Despite this shift, many properties’ marketing strategies still focus on broker outreach. As tenants continue to flip the script, properties without a digital-first approach could be left in the lurch.

“We believe that this is a seismic shift in how owners effectively market commercial properties,” CoStar founder and CEO Andy Florance said on a recent company earnings call. “Owners now need an effective strategy to market their properties directly to the tenant.”

Two decades ago, tenants didn’t have the means or resources to go searching for office space on their own, so they relied on the expertise — and the handshake networks — of brokers who could introduce them to the best properties on the market. But now digital marketplaces like LoopNet have erased the information barrier between tenants and property listings.

By using Google Analytics and tracking the IP addresses of its end users, the team at LoopNet was able to see that many of the largest companies in the nation regularly search for space on its site before signing multimillion-dollar leases.
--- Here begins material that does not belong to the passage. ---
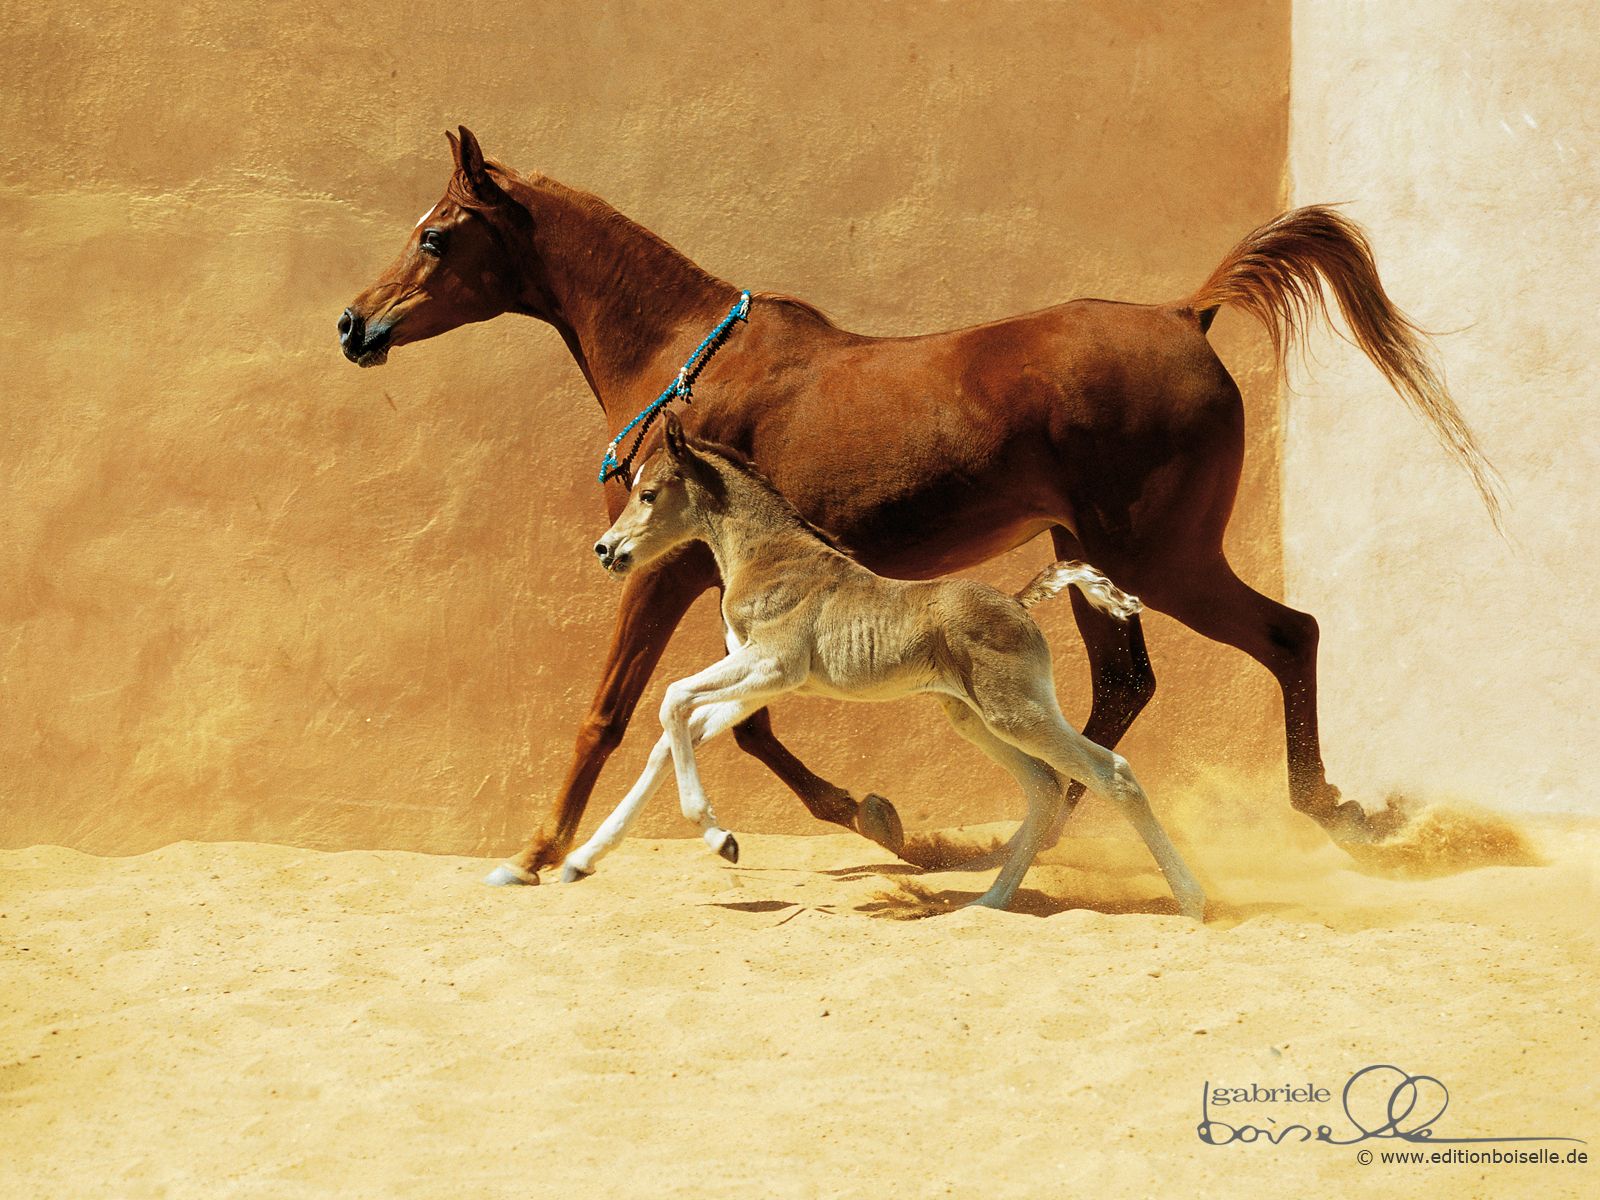 Arabian Wallpaper. Arabian Horse Wallpaper, Arabian Camels Wallpaper and Arabian Nights Background

“We saw IPs from one of the largest tech companies in the U.S. viewing multiple new locations repeatedly on LoopNet,” Florance said. “The company later signed a lease in the hundreds of millions on those very same properties.”

Similarly, one of the nation's largest professional services firms executed seven lease deals, worth approximately $145M, on properties they viewed on LoopNet. Florance also cited one ad on LoopNet for an office business park in Pennsylvania where six of its new tenants viewed the properties on the site before they signed a lease.

All of these major companies were still being represented by brokers, Florance said, but the frequency and timing of the visits to LoopNet demonstrate how online marketplaces have become irreplaceable resources for companies during every stage of the search for office space, from prospecting to education to finally inking a lease. 

Without a strong digital presence at each of those stages, properties may never make it onto the radar of brokers or the companies they represent.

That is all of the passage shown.